Omnitron Lidar Reliability: MEMS Technology Boost
- This article focuses on the challenges of making automotive lidar systems more durable and reliable, specifically addressing their short lifespan due to harsh environmental conditions.
- * the Problem: Automotive lidar is susceptible to failure due to vibrations (from bumpy roads) and temperature fluctuations.These can misalign the delicate optical components within the system.
- In essence, the article highlights a significant step towards creating more reliable and long-lasting lidar systems for self-driving cars by focusing on a basic engineering challenge: building more...

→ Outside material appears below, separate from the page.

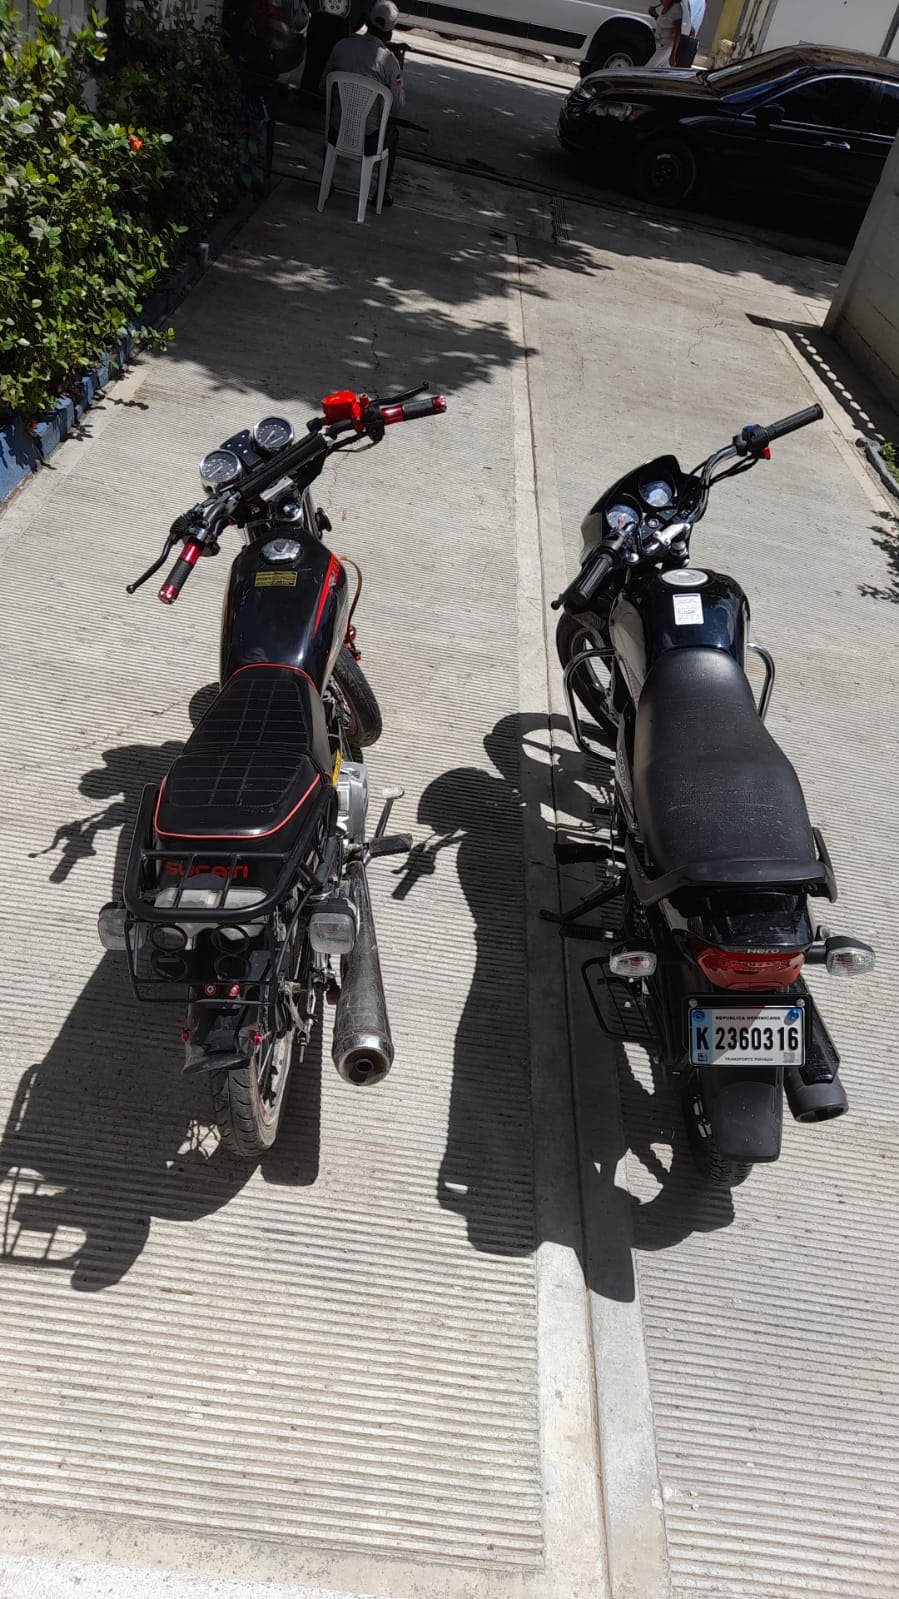 PN apresa haitiano pretendía comercializar dos motocicletas robadas

key Takeaways: Improving the Reliability of Automotive Lidar
This article focuses on the challenges of making automotive lidar systems more durable and reliable, specifically addressing their short lifespan due to harsh environmental conditions. Here’s a breakdown of the key points:
* the Problem: Automotive lidar is susceptible to failure due to vibrations (from bumpy roads) and temperature fluctuations.These can misalign the delicate optical components within the system.
* The Weak Link: The scanners – the parts that angle the laser beam – are the most frequent point of failure. Customary metal springs used in these scanners wear out.
* Silicon Flexures as a Solution: Researchers initially turned to silicon flexures (acting like springs) to provide more durable and precise mirror control. However, even these weren’t robust enough.
* Omnitron’s Breakthrough: High-Force MEMS chip: Omnitron is developing a new MEMS (Micro-electro-Mechanical Systems) chip designed to exert 10 times more force on the micromirrors then current industry standards. This allows for finer control and greater resilience.
* How it Works: The chip etches the mirror and its actuator into a single silicon wafer. Movement is achieved through electrostatic forces acting on interlocking “teeth” within deep trenches in the wafer.
* The Key Innovation: Aspect Ratio: The crucial advancement is increasing the aspect ratio (depth to width of the trenches). Deeper trenches allow for greater electrostatic force and a wider range of motion. Omnitron achieved a 100:1 aspect ratio, significantly higher than the typical 20:1-40:1.
* Advancement & funding: This breakthrough came through extensive experimentation and prototyping in university foundries across the US. The startup has already secured over $800 million in letters of intent.
In essence, the article highlights a significant step towards creating more reliable and long-lasting lidar systems for self-driving cars by focusing on a basic engineering challenge: building more robust and precise micro-mechanical components.